Supplied data
┄┄┄┄┄┄
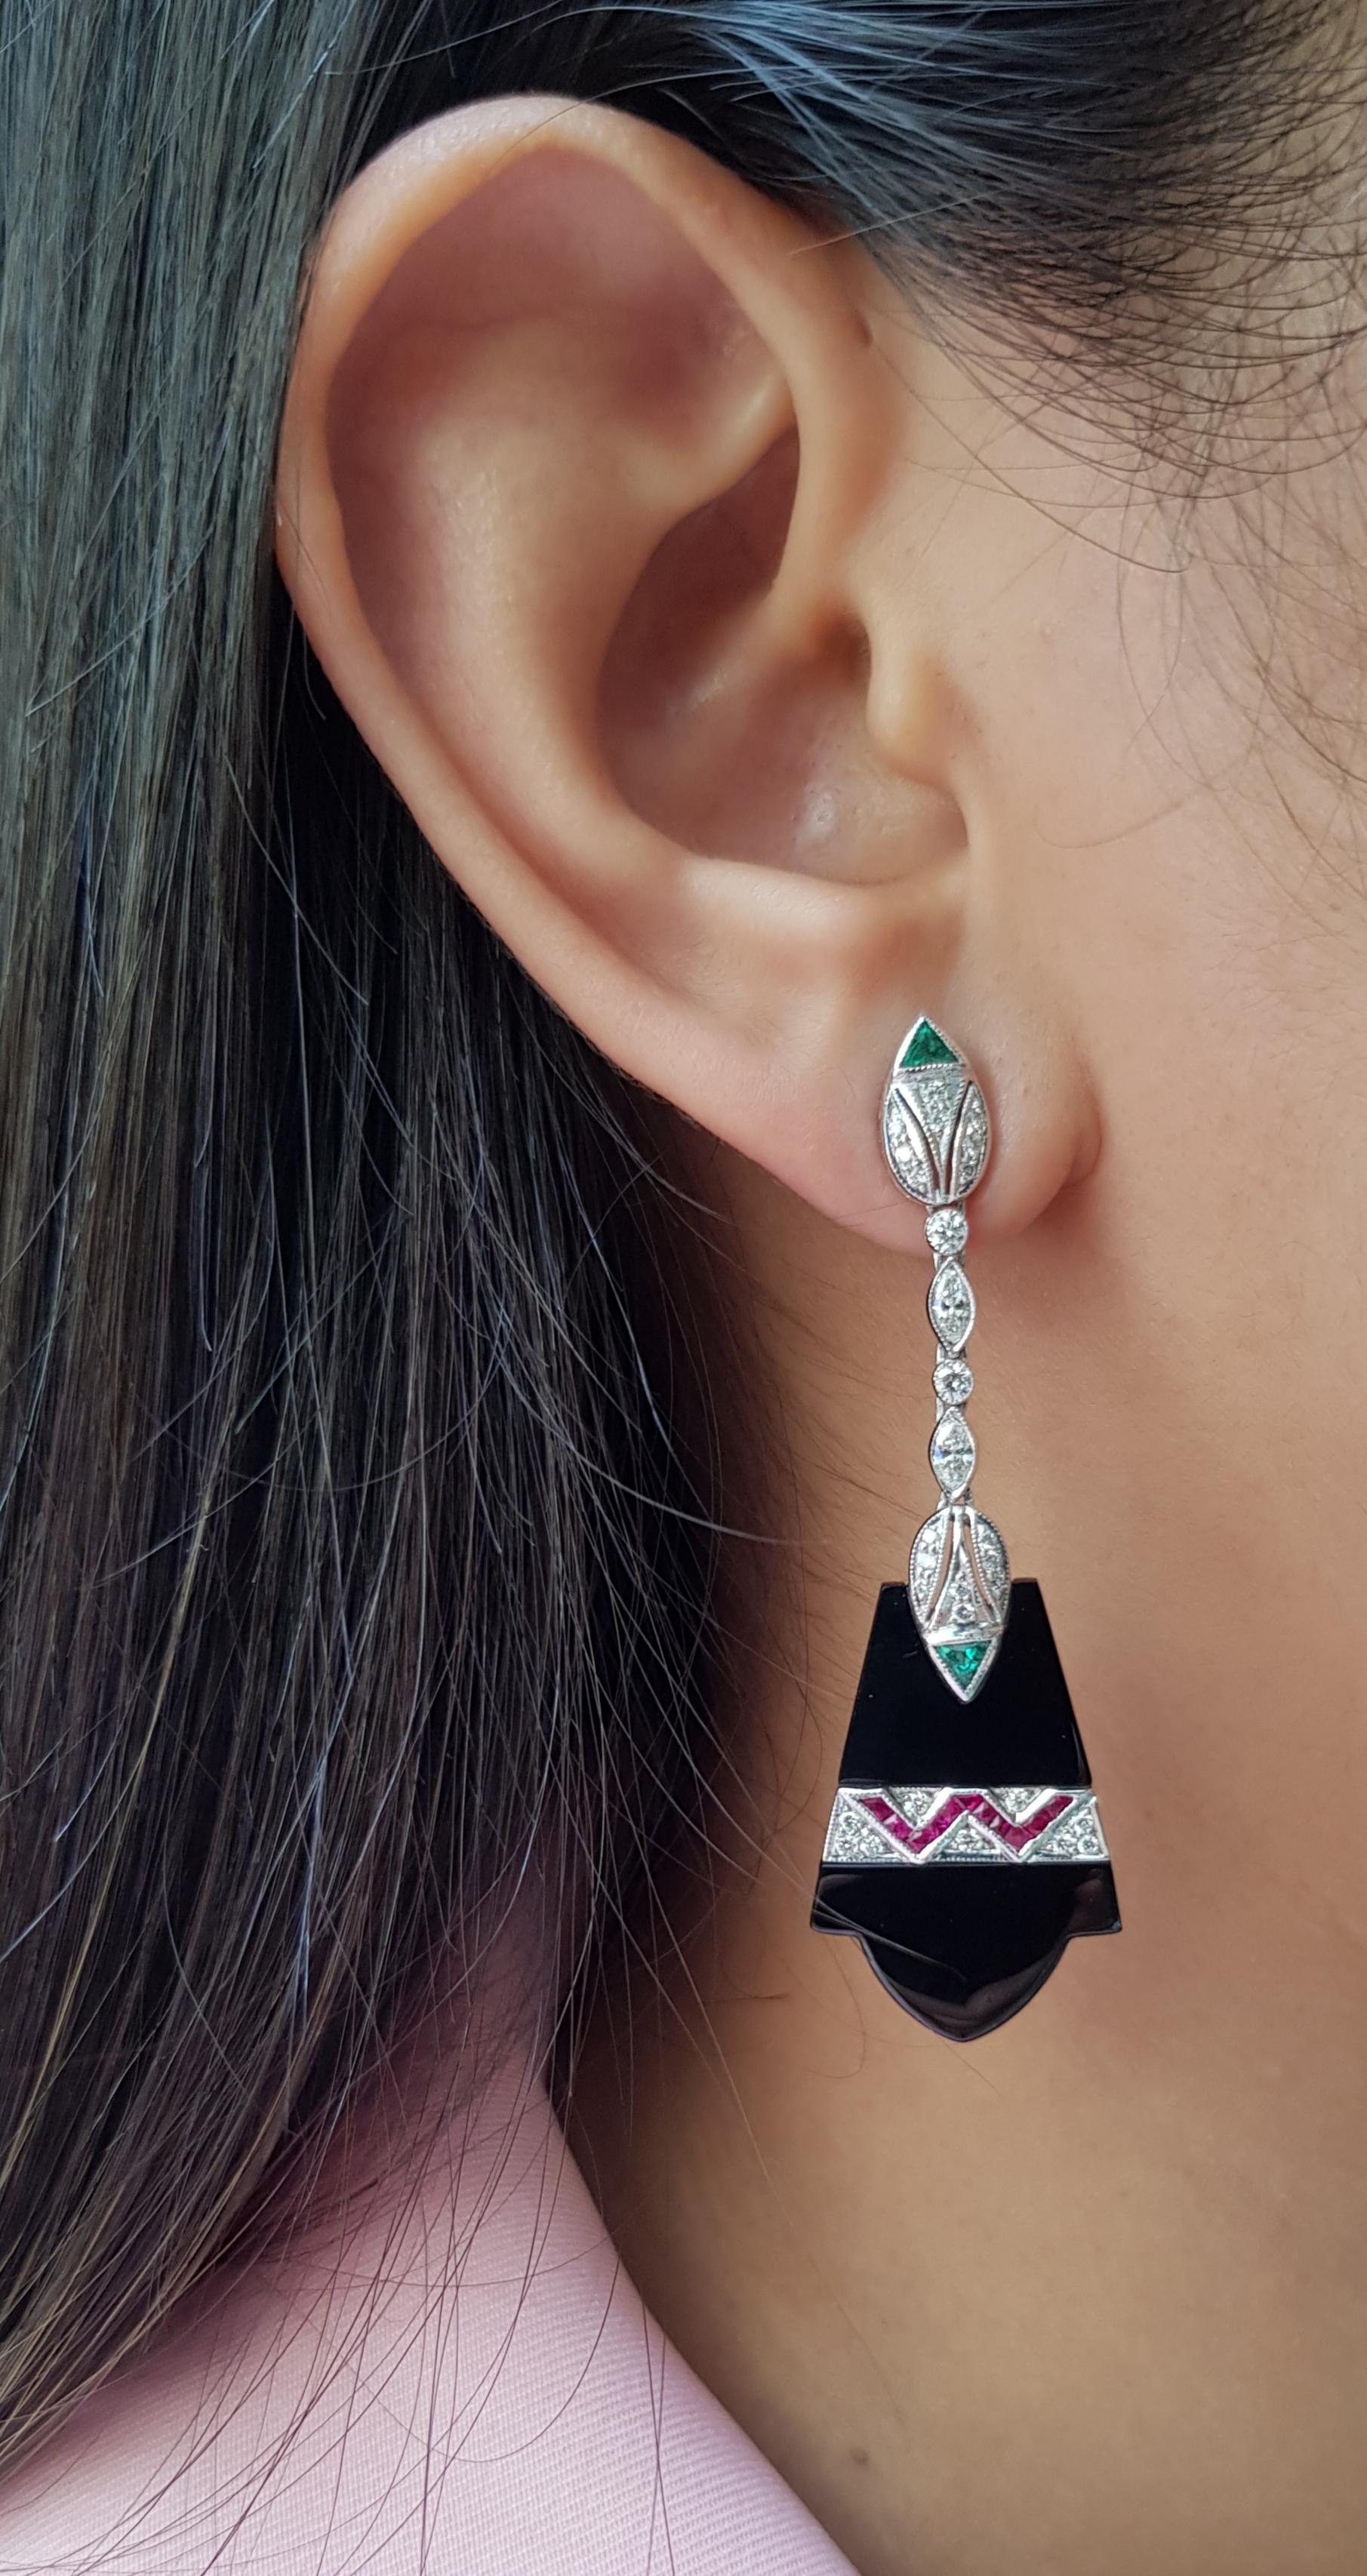 Onyx with Emerald 0.61 carat, Ruby 0.67 carat and Diamond 0.90 carat Earrings set in 18 Karat White Gold Settings

Width: 1.8 cm
Length: 5.8 cm
┄┄┄┄┄┄
Exercise description
Word for word, quote the full listing, omitting every picture.

Solved problem
 Onyx with Emerald 0.61 carat, Ruby 0.67 carat and Diamond 0.90 carat Earrings set in 18 Karat White Gold Settings

Width: 1.8 cm
Length: 5.8 cm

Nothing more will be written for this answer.